Exercise directions: Given the records below, would you repeat exactly the lines that begin at the one containing "DenTek Professional Oral" and end at the one containing "Burgundy Velvet Skirt", inclusive?

Records for the task:
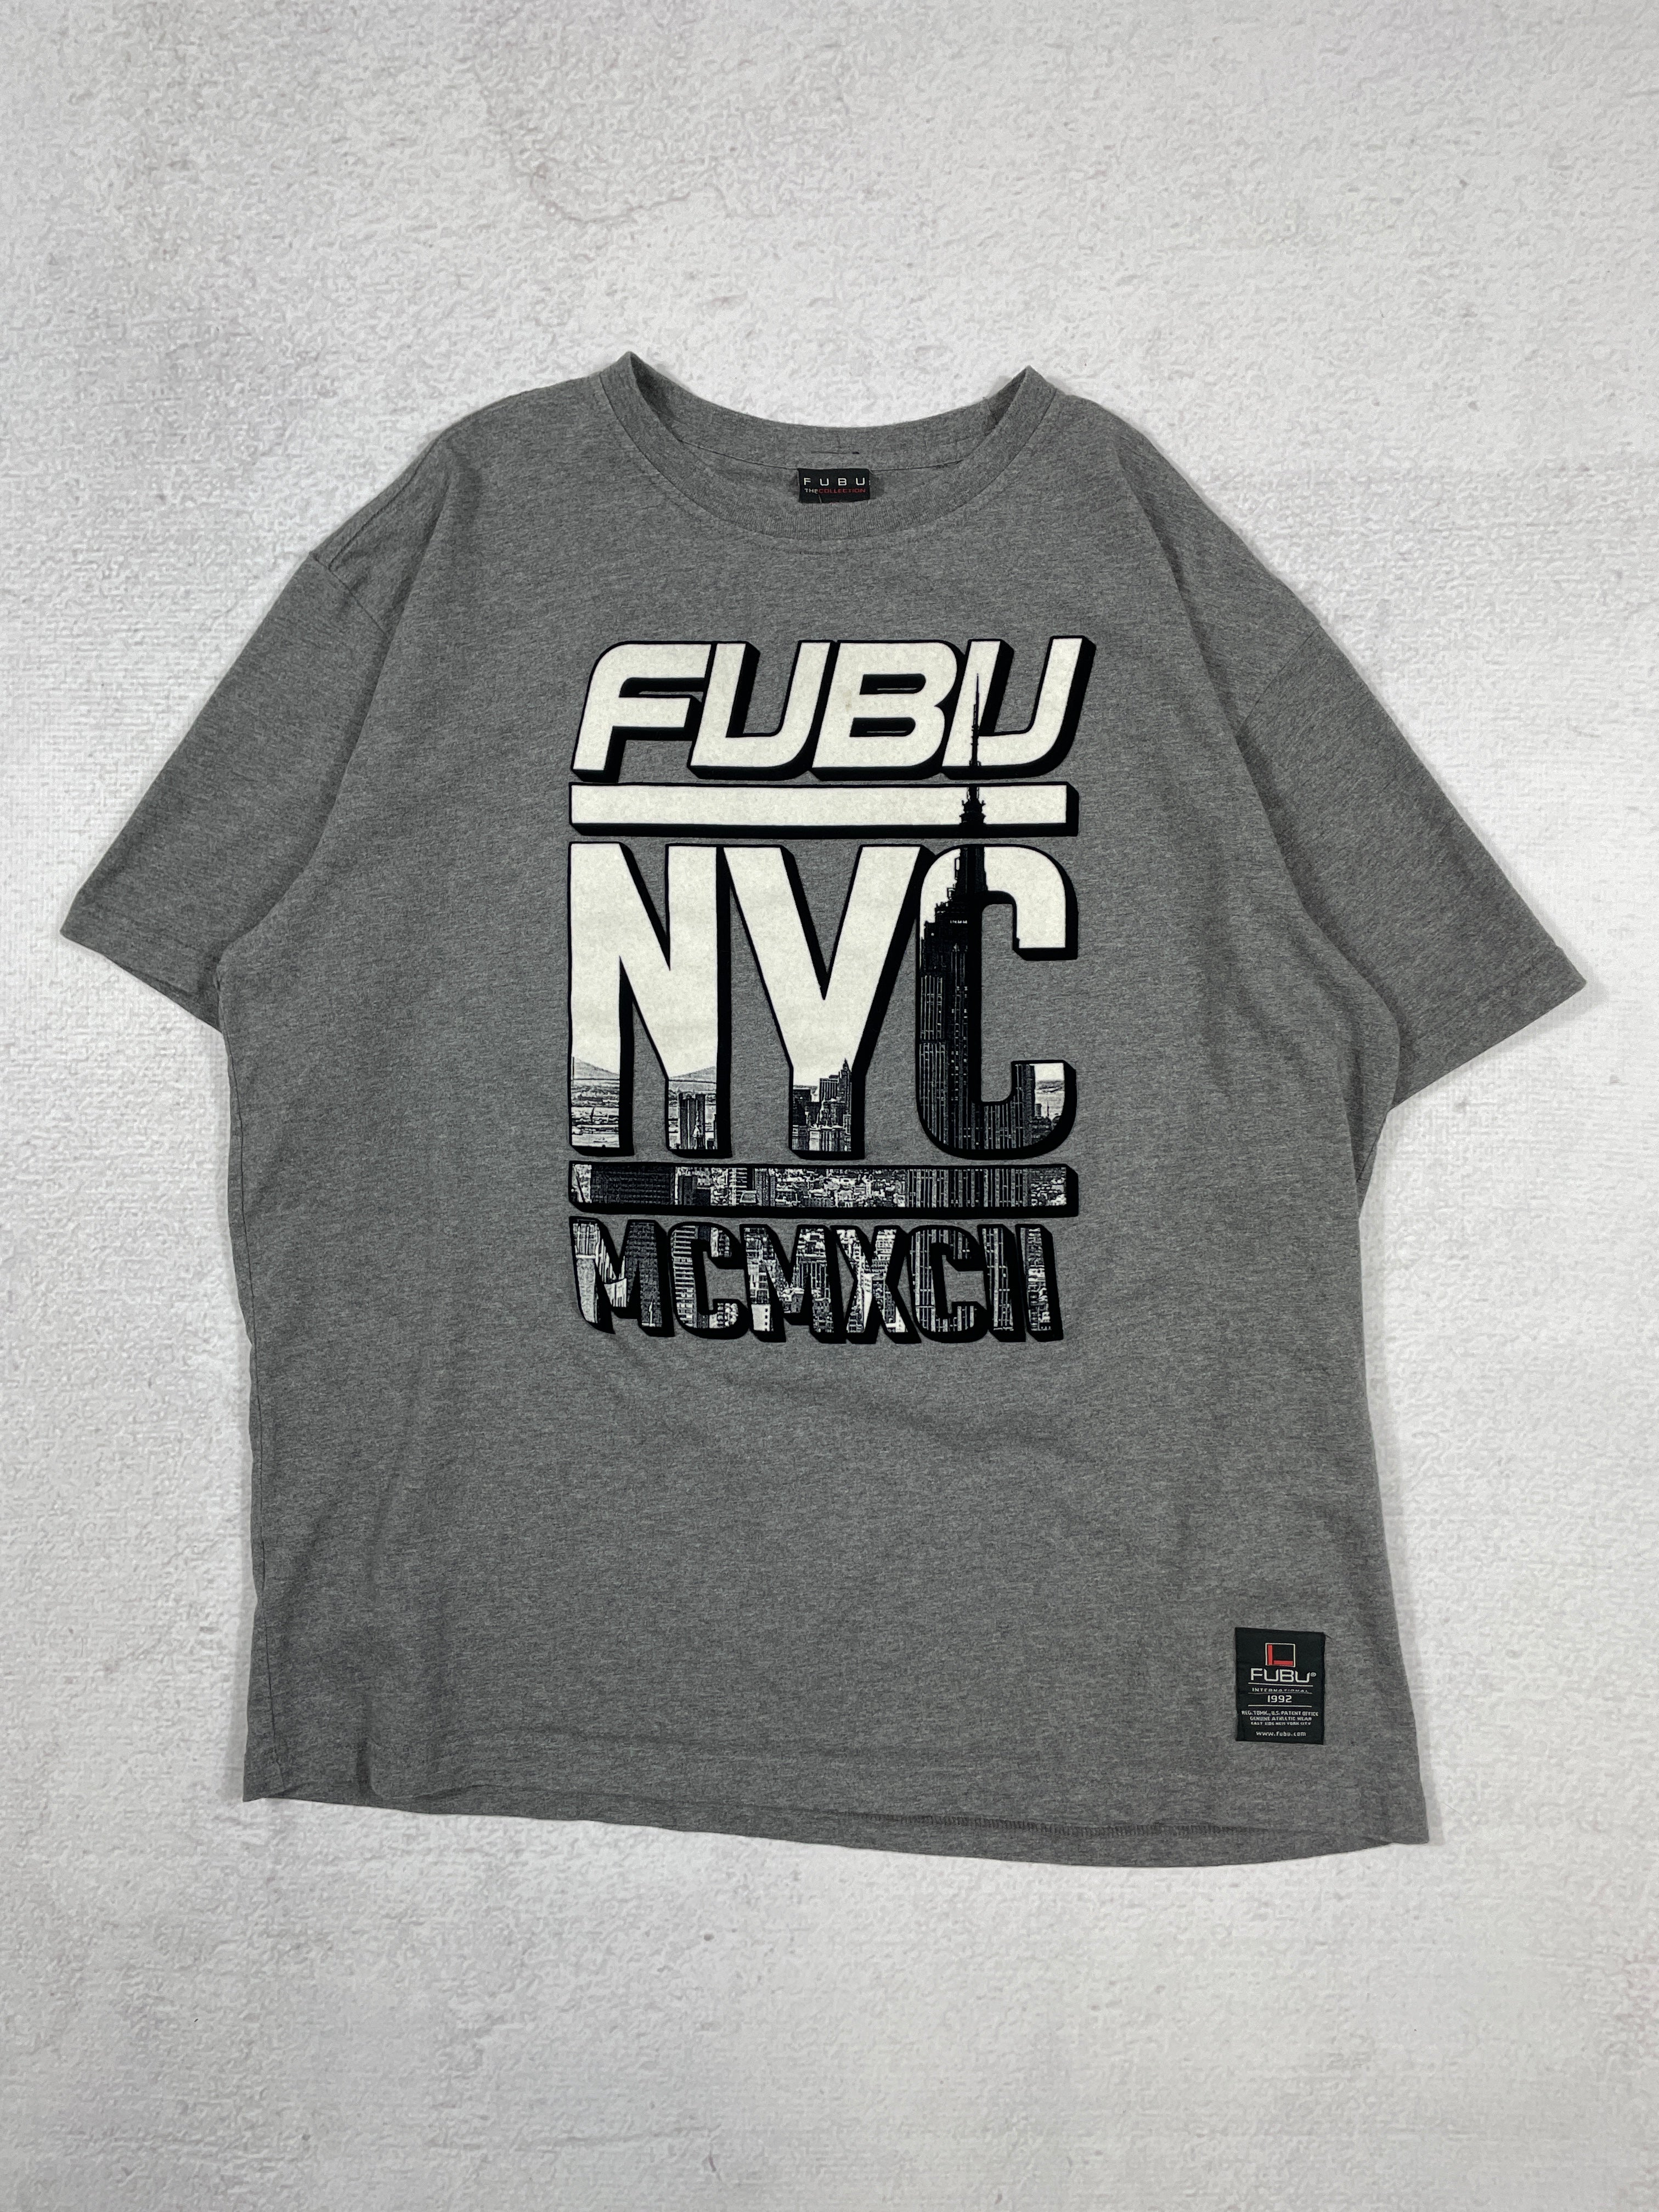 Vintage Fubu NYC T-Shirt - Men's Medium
* * *
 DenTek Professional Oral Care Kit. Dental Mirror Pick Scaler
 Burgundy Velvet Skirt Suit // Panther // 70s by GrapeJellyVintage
--
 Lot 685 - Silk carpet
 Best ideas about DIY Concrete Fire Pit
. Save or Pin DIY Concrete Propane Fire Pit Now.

Exercise output:
 DenTek Professional Oral Care Kit. Dental Mirror Pick Scaler
 Burgundy Velvet Skirt Suit // Panther // 70s by GrapeJellyVintage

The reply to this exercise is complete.